Chronic remodeling of the foramina due to coronal imbalance in the setting of scoliosis is another plausible mechanism of LSDD asymmetry [24]. The distribution of mid-thoracic scoliosis in adolescents is not evenly distributed as shown in a study of over 8000 school children [25]. Another potential mechanism is asymmetry in handedness in the population. Right-hand dominance is more common globally and known to contribute to asymmetric occupational injury in the upper extremities [26]. In elite tennis players, for example, imbalanced use of paraspinal muscles and axial skeletal extension due to handedness has been associated with lower back pain [27]. This form of lifelong ergometric imbalance in occupation and activities has been posited as a source of chronic degenerative musculoskeletal injury by Kumar due to differential fatigue or cumulative mechanical loading [28]. This could in turn explain the foraminal asymmetry seen in our study; however, we did not evaluate for the presence or directionality of scoliosis in the present analysis. Alternatively, handedness/occupational factors contributing to imbalanced LSDD may exert a selection bias on patients presenting for LMRI.

Our method of NLP-driven analysis has several strengths, the chief one being the large sample size.
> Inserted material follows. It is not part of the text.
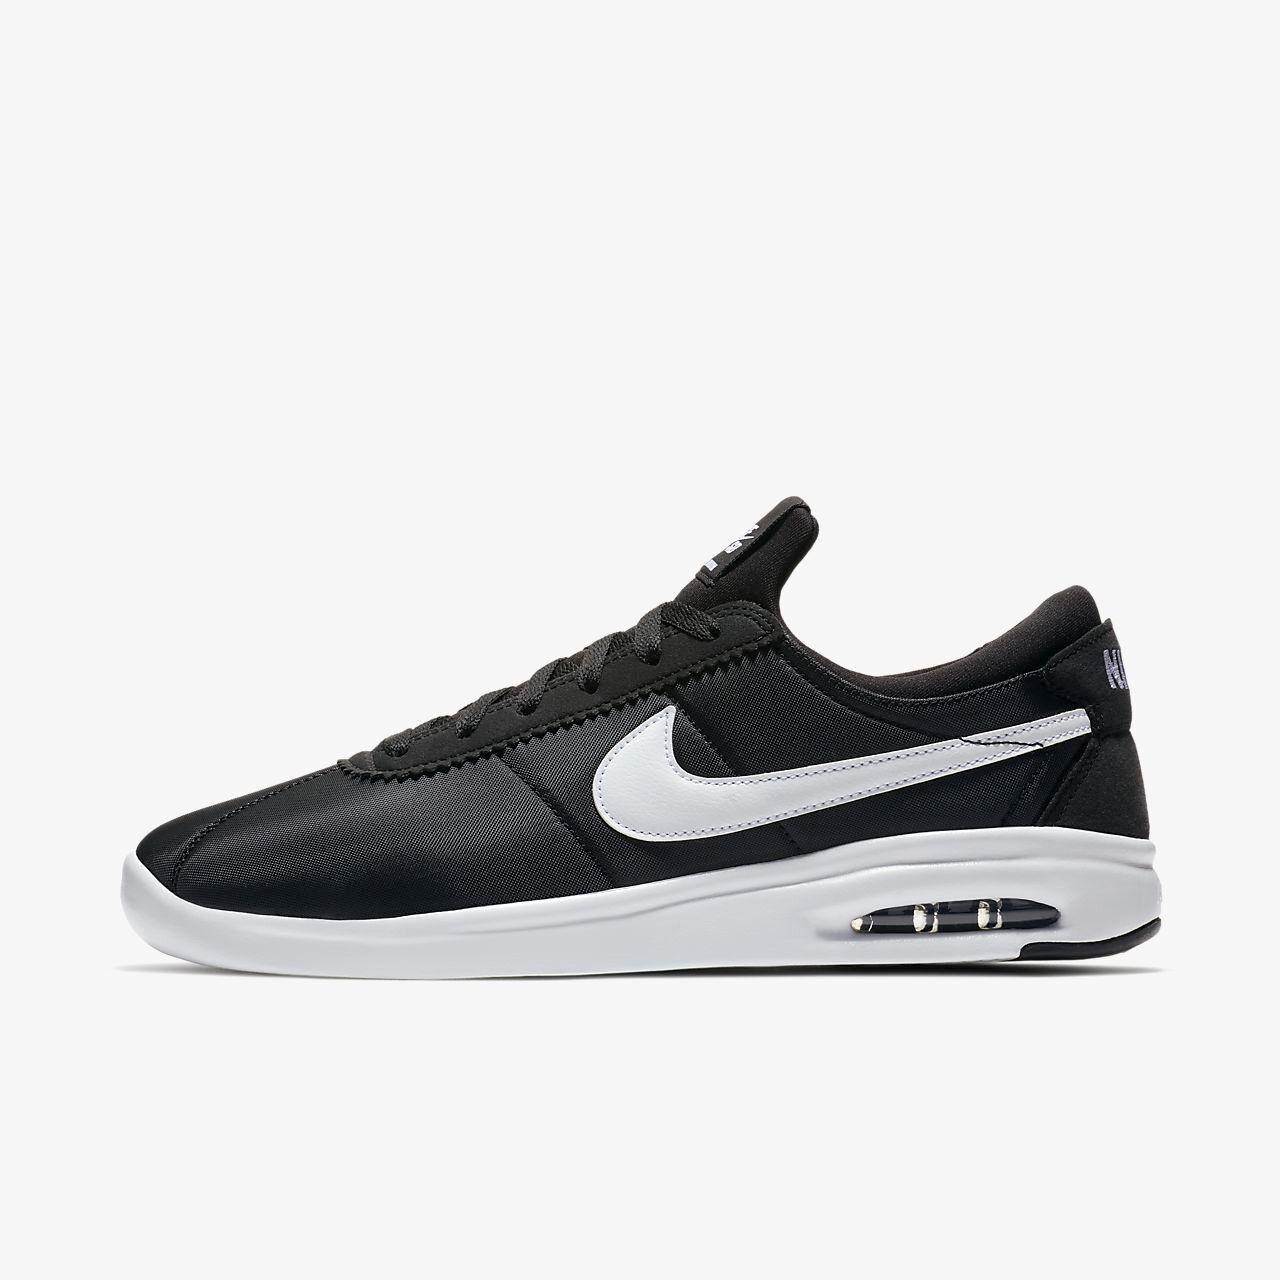 Nike air max 90 ultra se Uomo correndo trainer scarpa unito taglia candidatura

First, by including a large corpus with the interpretation of 152 different attending radiologists over a 10-year period could mitigate the impact of inter- and intra-reader variation [29] by leveraging the statistical “Law of Large Numbers” to estimate the mean across our study population. It is important to note that we did not analyze reports from CT or CT myelographic imaging of the lumbar spine in our analysis, which may result in some degree of sampling bias, as patients who were unable to undergo MRI—potentially due to claustrophobia or implanted devices—were not included. Despite this potential sampling bias, we believe our sample is representative of the referral base for LMRI in our institution. Moreover, the large sample size powers this study to detect small differences, even when stratified by sub-populations.

The use of radiology reports to estimate disease epidemiology is limited by several factors. The NLP algorithm empowers a much larger corpus to be analyzed, but its classification is imperfect. Our institution implemented non-mandatory semi-structured reporting before the study period; however, a subset of radiologists did not utilize the semi-structured reporting templates. Therefore, our assumption that “non-mention” of SCS/NFS at a given level may underestimate true disease prevalence. Furthermore, our rules-based algorithm relied on a manually assembled dictionary mapping non-standard terminology for stenosis grading to our 6-point standard scale. This methodology is imperfect and may affect our estimate of the severity distribution of LSDD. Although our algorithm documents 6 grades of stenosis, we lumped those greater than 3 to de-noise the data and focus our analysis on the prevalence of potentially actionable LSDD.

Another limitation of our study is that the study cohort is not a true sampling of the general population as only patients with symptoms substantial enough to warrant imaging are studied. In the USA, for example, refractory back pain or neurologic symptoms must persist despite best conservative therapy for at least 6 weeks for reimbursement by the Centers for Medicare and Medicaid Services for LMRI [30, 31]. The generalization of these findings to asymptomatic patients is therefore limited.

In summary, we report a contemporary estimate of the prevalence of potentially actionable lumbar stenosis in a 10-year series of over 43,000 MRI studies. This work provides an estimate of the prevalence of lumbar spinal stenosis in a symptomatic cohort and reveals asymmetry in neural foraminal LSDD which may be due to occupational or biomechanical factors accrued over the lifespan. Future work may lead to establishment of a normative database for LSDD severity by age and sex, potentially facilitating improved disease management.